“…e ridacci il nostro lavoro quotidiano…”
"Veglia per il lavoro" presso la ditta Cavelli in zona industriale, presenti vicario episcopale, prevosto, parroci, e oltre duecento persone, per implorare la fine della crisi e ritrovare insieme le ragioni della speranza
Oltre duecento persone hanno partecipato giovedì sera alla "veglia per il lavoro" organizzata presos la ditta Cavelli Mario, azienda storica del settore tessile che ha sede da alcuni anni in moderni capannoni in zona industriale. È stata proprio la zona industriale di Sacconago, volutamente, il fulcro di questa serata di preghiera nella quale, neanche troppo indirettamente, si impetrava la fine della crisi come un tempo si faceva per la pestilenza o la guerra. A ogni epoca i suoi mali. Ma poichè quelli economici sottendono quelli morali, la Chiesa era lì, a ricordare discretamente che ha duemila anni di esperienza nel gestire le crisi. A Dio piacendo.
Celebrava il vicario episcopale Angelo Brizzolari, presenti il prevosto monsignor Franco Agnesi e vari parroci cittadini, in testa don Giulio Bernardoni per il rione, fra preghiere dedicate a chi è senza lavoro e stralci di interessanti passaggi dall’enciclica Caritas in veritate, dove si analizzavano le tendenzze prevalenti dell’economia verso il profitto ad ogni costo, le delocalizzazioni, lo sfruttamento selvaggio dei lavoratori. Appropriata lettura anche quela dalla Genesi su Giuseppe, che venduto schiavo dai fratelli gelosi era diventato potente ministro del faraone d’Egitto.
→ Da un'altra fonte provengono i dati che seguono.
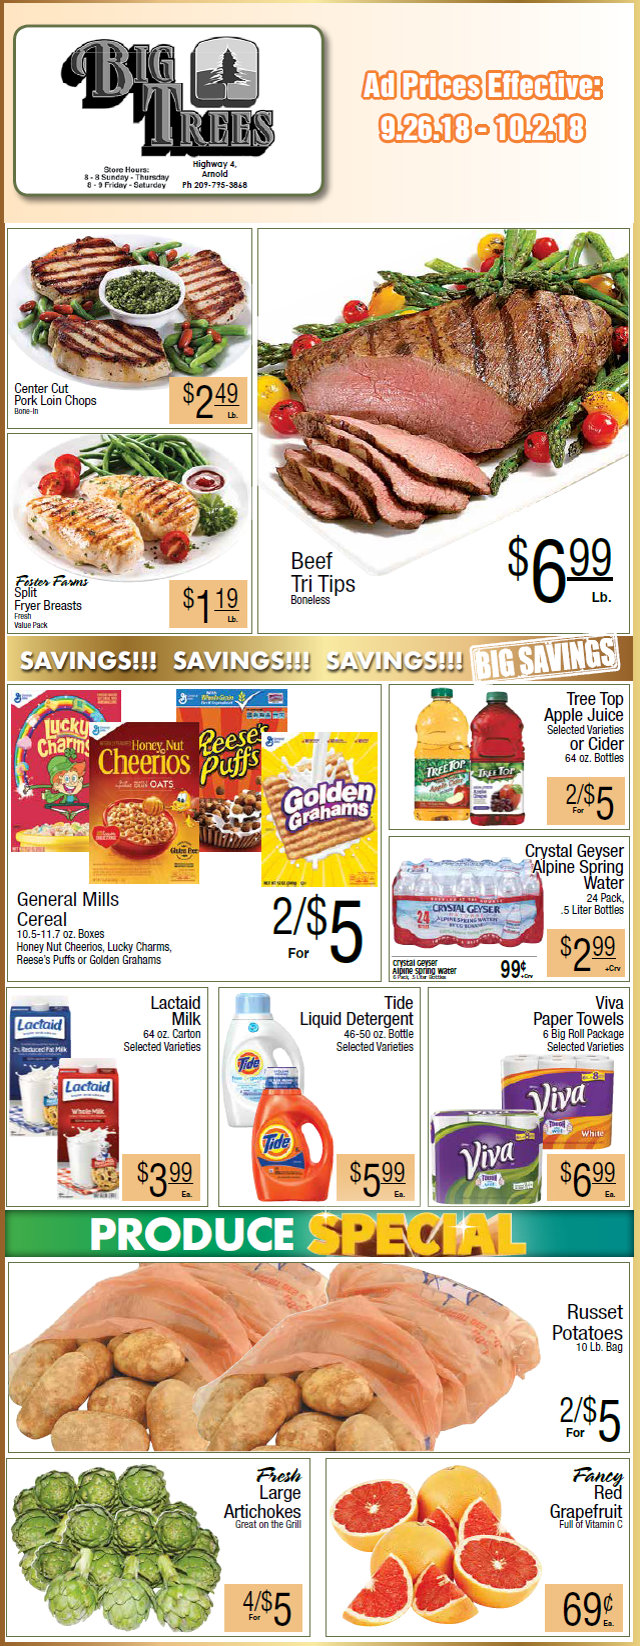 Big Trees Market Weekly Ad & Grocery Specials Through October 2nd

E presentendo una grave crisi attraverso i sogni del suo signore, aveva fatto scorta di grano: salvando la sua gente e alla fine, senza rancore, anche i fedifraghi fratelli, ridotti a bussare, alla fame, alla sua porta. Durante la serata è stato letto anche uno stralcio dal messaggio del cardinale Tettamanzi sulla crisi. Parole di grande buonsenso sulla necessità di un lavoro "non qualsiasi", ma adatto all’umanità di ognuno, alla sua dignità, agli impegni familiari; sulla difficoltà di parlare di speranza a giovani cui viene tolta giorno dopo giorno dall’impossibilità di metter su famiglia, di fare progetti, di mettere a frutto sudati studi e qualifiche; sul bisogno di "legami nuovi", a partire da famiglia, territorio, ambienti di lavoro.
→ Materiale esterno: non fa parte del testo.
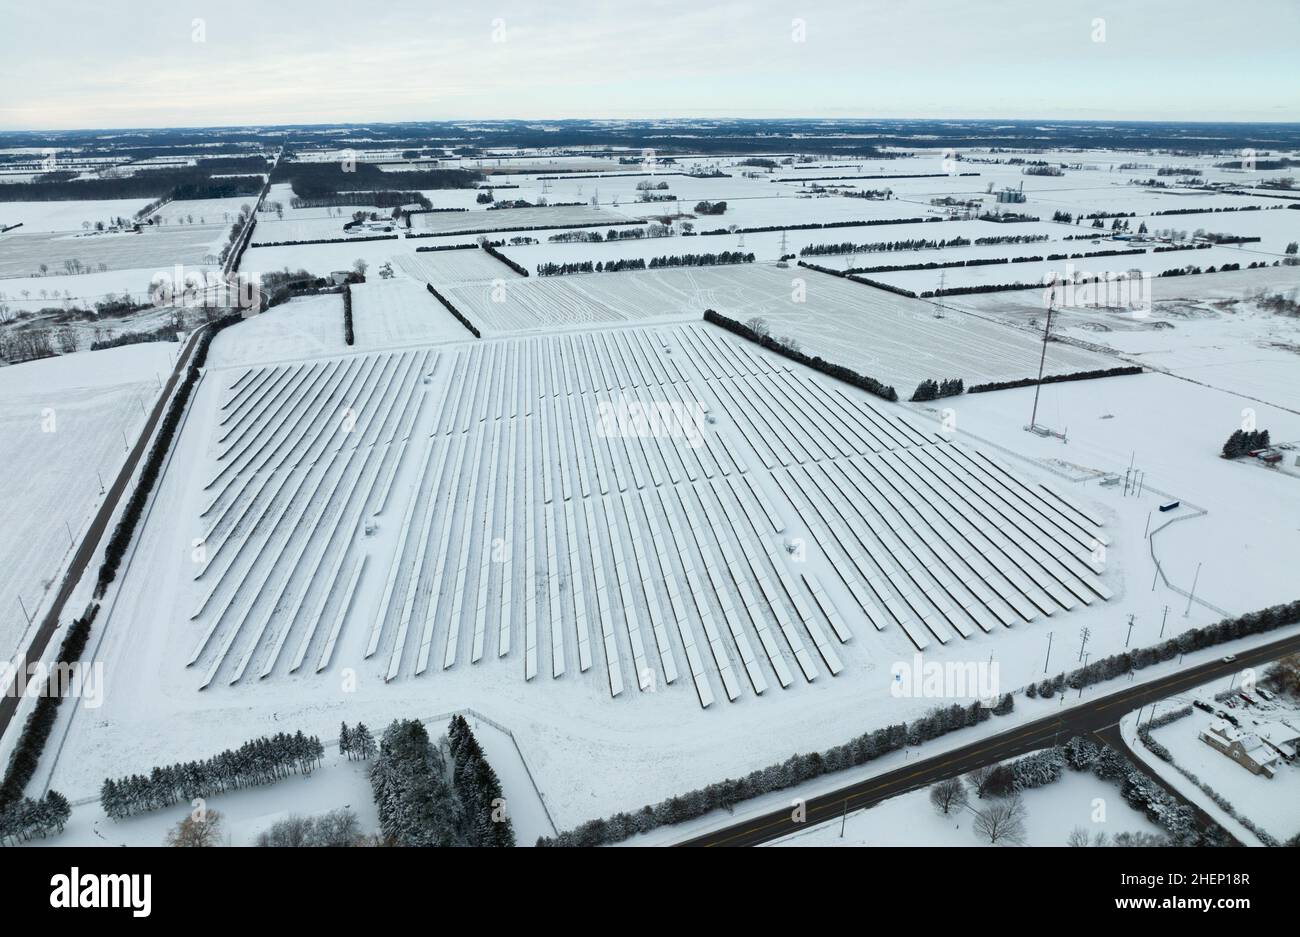 snow-covered-solar-panels-on-a-solar-farm-are-seen-on-the-morning-of-a-winters-day-in-the-rural-canadian-community-2HEP18R.jpg

«Rischiamo la crisi umana, oltre a quella economica» la diagnosi di monsignor Brizzolari, alla luce di una società «rissosa, rassegnata e scandalistica» e del mestissimo chiudersi di un decennio partito nel segno del Giubileo, dolorosamente contrastato con gli anni Sessanta del boom. Numeri impietosi quelle delle ricerche che il vicario episcopale snocciola come un sindacalista dell’anima assetata di speranza: quattro su cinque temono per il lavoro, oltre la metà non crede più che valga la pena di progettare per il futuro, quasi la metà è in ritardo su bollette e pagamenti, i due terzi delle famiglie hanno tagliato persino i consumi alimentari. Eppure c’è un’Italia silenziosa che crece, come i 400 volontari che hanno aiutato la Diocesi ambrosiana a mettere in campo considerevoli risorse per il Fondo famiglia e lavoro lanciato a fine 2008.
Importanti le testimonianze, poi: quelle di Carlo Conti, prima operaio, poi autonomo, oggi senza più la ditta, chiusa per la delocalizzazione del fornitore principale; quella di Patrizia Priore, precaria; di Atty Affo, togolese, traduttore e consulente per una grossa azienda milanese; infine del padrone di casa Mauro Cavelli, "contadino del tessile" e autore di un forte appello a salvaguardare le attività produttive rifiutando le lusinghe della delocalizzazione dove tutto costa meno – scelta che priva l’Italia dei suoi punti di forza storici: il lavoro, la passione, l’inventiva. «Non è giusto, non può funzionare nè può durare che si produca a due euro in Cina o Vietnam e si rivenda a 150 qui» il suo monito. Dura minga, dura no? Sperèm. Eppur si muove, dirà chiudendo, quasi da monsignore anche lui, il sindaco Gigi Farioli: quindici aree sono state appena assegnate nella zona industriale ad altrettante aziende, anche questo è un segno di speranza. Perchè si vive «non per lavoro, nè per profitto, ma per passione».